Task details ::
The answer is the line containing "much needed renovations!!" plus every line after it to the end of the material, retyped exactly and without the pictures.

Dataset content ::
══════════

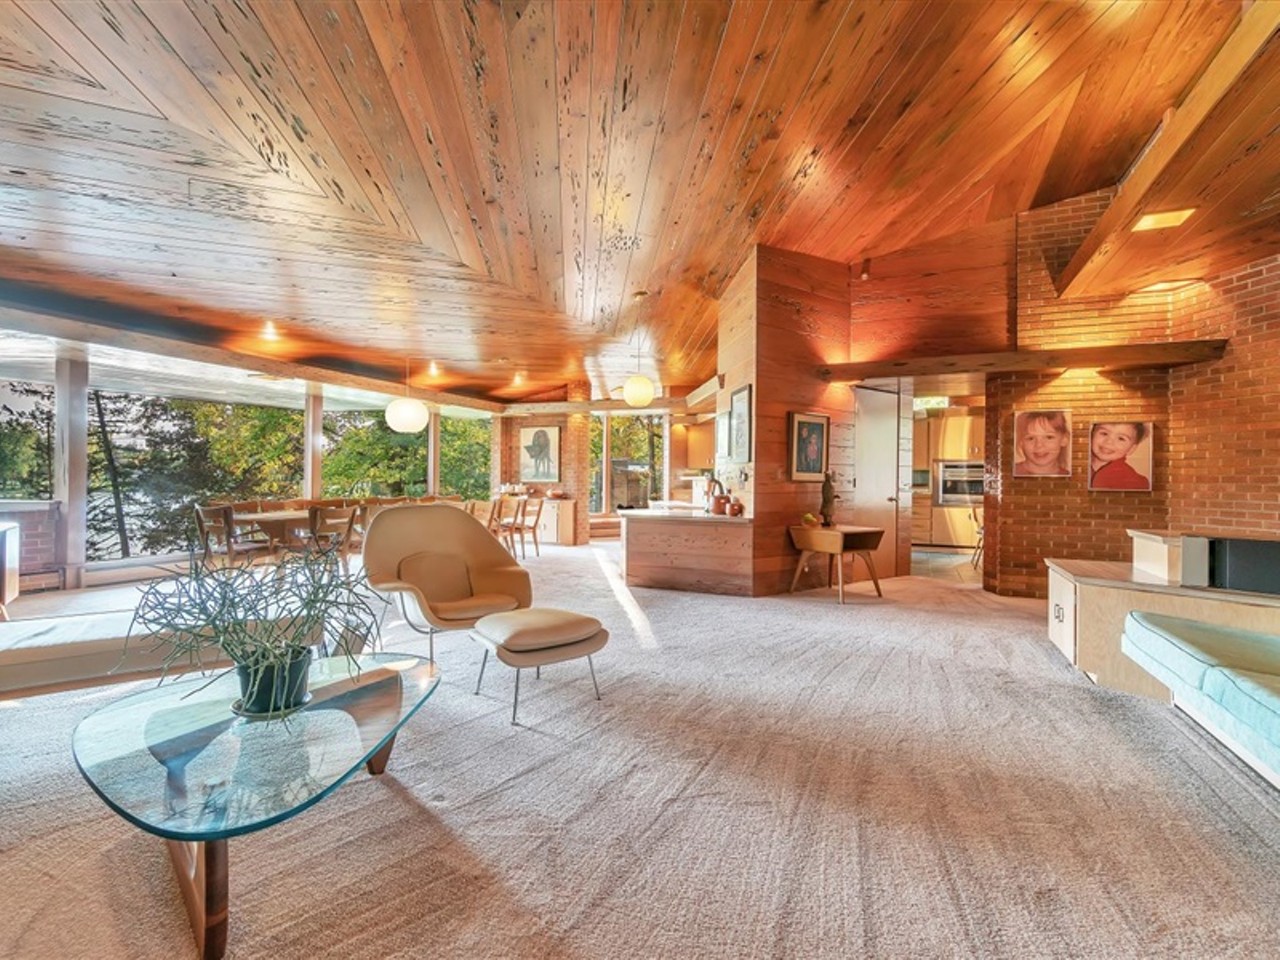 This $499k mid-century home in Grand Blanc was made without right angles &#151;&nbsp;let's take a tour
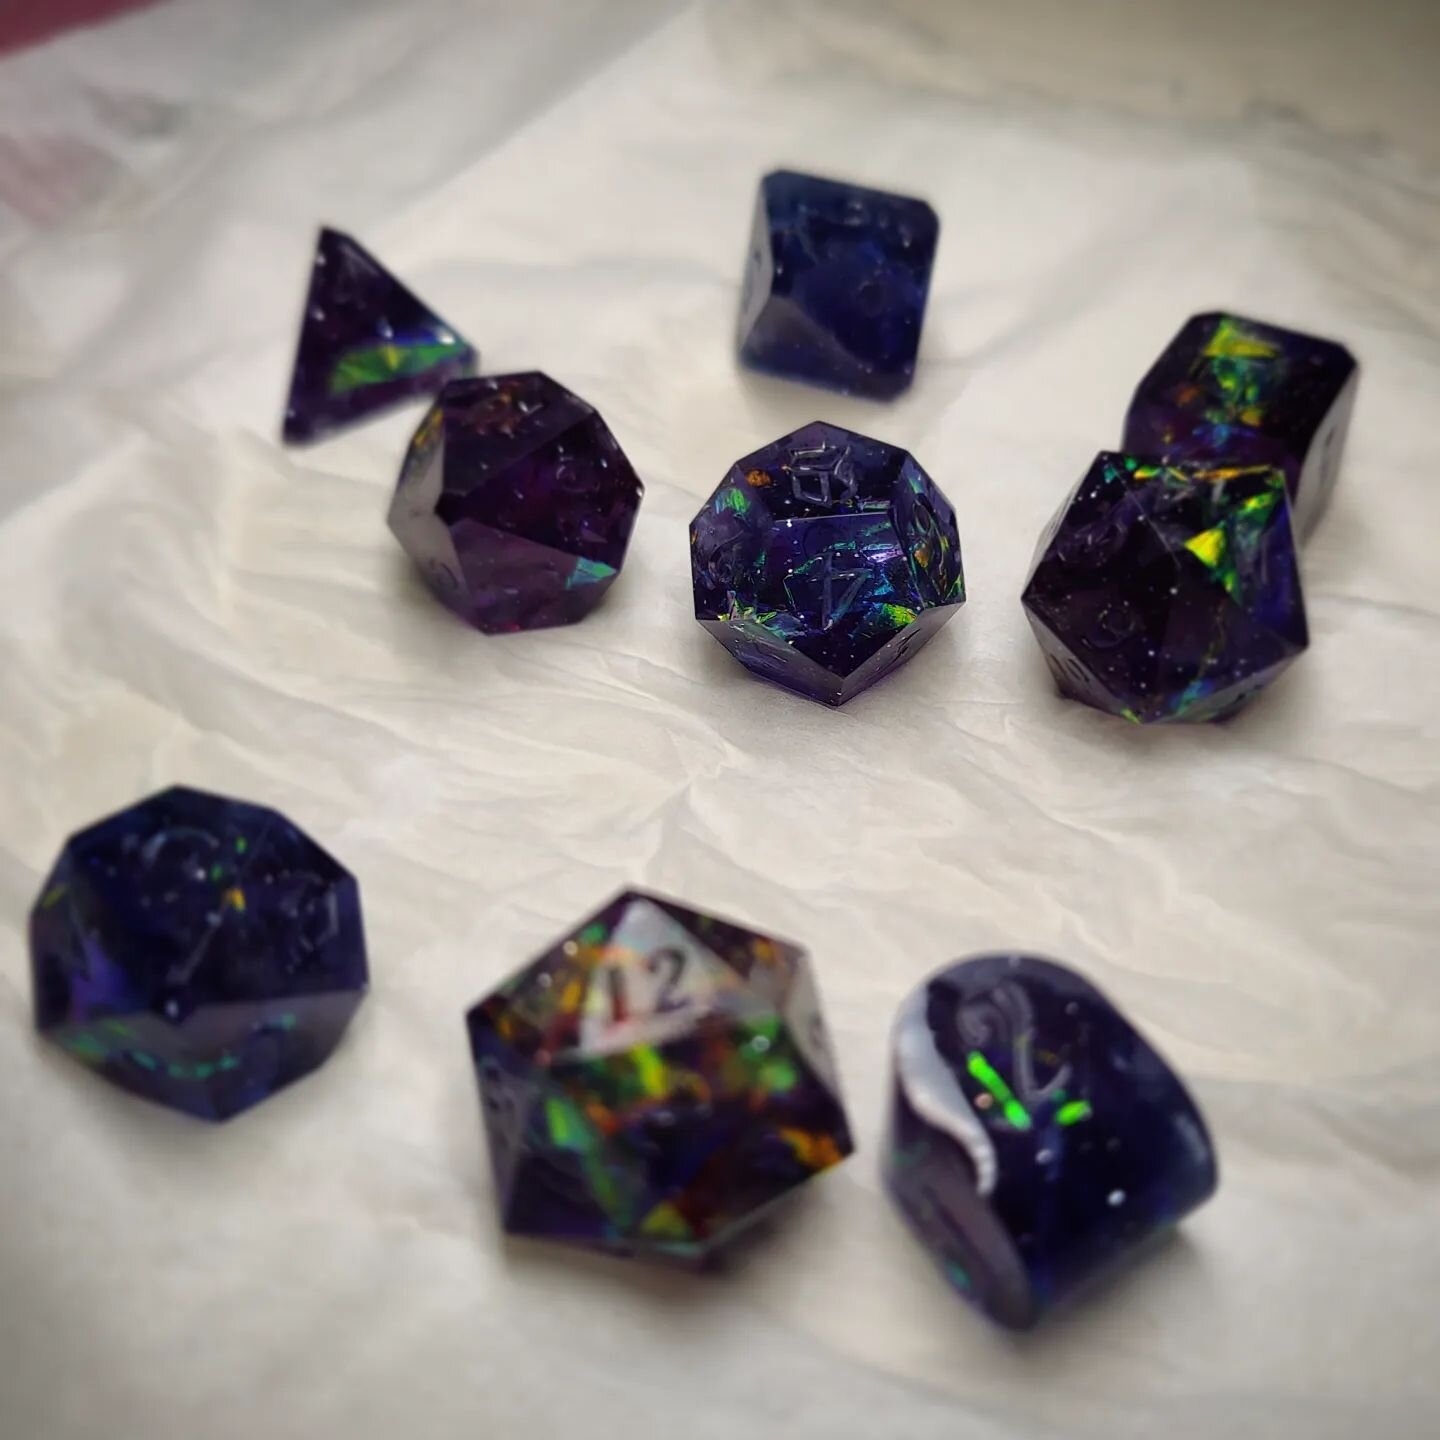 Hey folks!  Been on a bit of a break recently, my part-time job is keeping me busy, but I'm finally getting back to finishing some dice.  I've also been very busy in the workshop doing some much needed renovations!! 

Really pleased with how these di

══════════

Task result ::
 Hey folks!  Been on a bit of a break recently, my part-time job is keeping me busy, but I'm finally getting back to finishing some dice.  I've also been very busy in the workshop doing some much needed renovations!! 

Really pleased with how these di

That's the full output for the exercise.